Ruby was so sweet and made Harry a birthday card.  I love that my kids love Harrison so much! Ruby was so young, yet she still remembers him to this day!

6 comments:

Sammy said...

that is so sweet, I LOVE those pictures of Finny, it's like he totally knows! So precious, makes me cry. Glad you were able to help Lauren, I can't even imagine how hard that would be, love you guys. can't believe it's been 3 years!

Cheri said...

Amen to pretty much everything you said. And...send me your address and I will send you flowers next year!! :) I know though...when people don't remember (not that they should) it's like a stab in a weird way.

I keep telling myself that sometimes we are given trials so we can be strengths to others later. I bet that's exactly what you were to your cousin. Heartache is hard no matter what, but hopefully it can be made easier by having people who understand.

Happy Angel-versary!

Alison said...

Happy Birthday sweet little Harrison. I can relate to everything in your post. I remember on Bridger's birthday is was raining and cold. Everyone told me how appropriate they thought it was, but I didn't like it. It depressed me even more. I also got upset with some family members because they didn't bother to do anything (my MIL). She finally went to his grave because I was upset about it. Like you said, it is different for them. They will never know or understand unless they experience it themselves. I think it is good that you expressed your feelings on your blog so that your close family will have a better understanding of how you feel and what you need on that day.

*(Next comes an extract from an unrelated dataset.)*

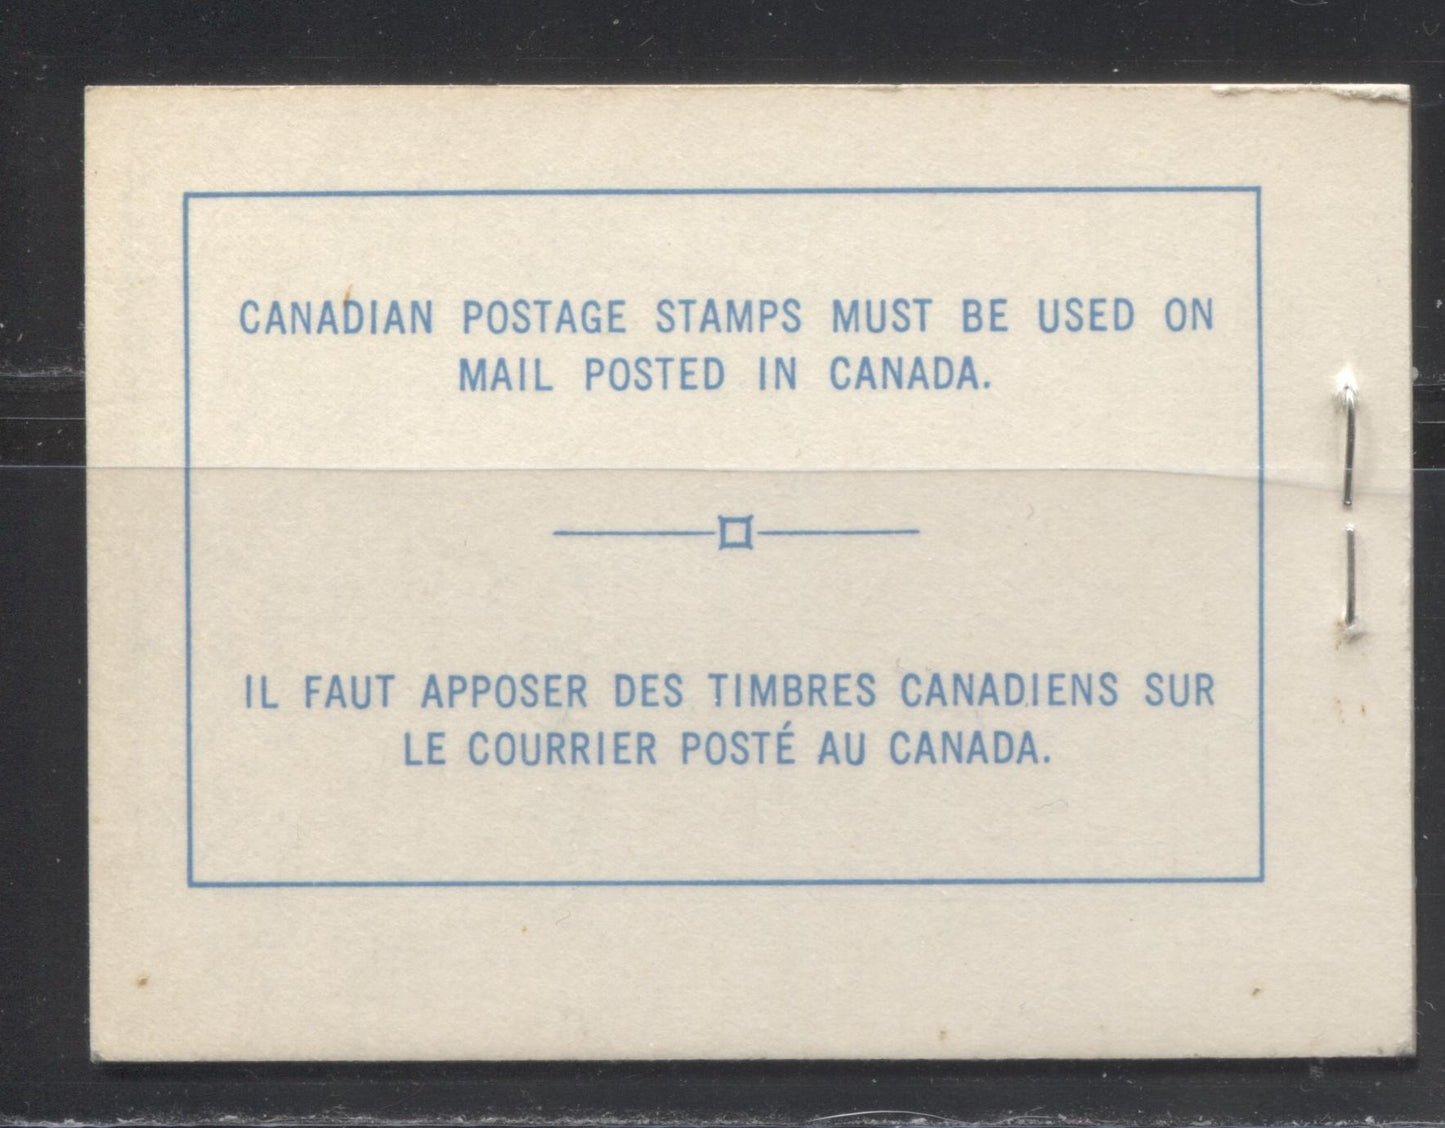 Lot 222 Canada #BK55 25c Centennial Booklet Bright Blue DF-fl Cream/DF Ivory Covers,  DF-fl Pane, Cutting Guideline on Front Cover, Smooth Dex Gum

I also read your detailed story of being at Tyler and Laura's that day. We have been in their house so I could picture it all in my mind. After they moved there we also looked into buying a house over there. Scary, Scary, Scary. I am glad you are all ok. That is one of my biggest fears - protecting my children in a life/death situation.

Amy said...

I may not understand exactly what you go through, but I have a hard time too! I think about Harry everyday! I especially think about him on around his birthday. I remember how you almost died and how I just wanted you to go to the hospital and tell them you weren't leaving. I remember helping Trent put the funeral/graveside service together and how hard it was to watch you all leave the hospital alone. I am sad because I love my neices and nephews as much as my own children and it makes me cry when I think he'd be best buddies with Boen, who doesn't have a cousin that age! I know he is in Heaven and you will one day be able to raise him. and i know that I will get to play with him and kiss him and hold him too! I love you all and I do think of him often!!! I just have a hard time bringing it up because I don't want to make you sad and I don't want to be sad either!!! love you all!

Tifani said...

Did you have to make me cry!!! I just couldn't help it seeing little Finn so fascinated with Harry's grave and kissing it. What a beautiful and tender moment. Thank you for sharing your thoughts and emotions in this post. My thoughts also start turning to Micah during this time of year. I just can't help it. I am so thankful to know you and to have had your support during a very difficult time. What a blessing our angel babies are and forever will be. I love you!

Kass said...

You are an inspiration to me April! Happy birthday to your sweet little boy! I'm sure he misses you all so much- & is looking forward to the day when you are reunited for eternity! I know Harry must be so proud of the happy life you lead- even though you miss him beyond description!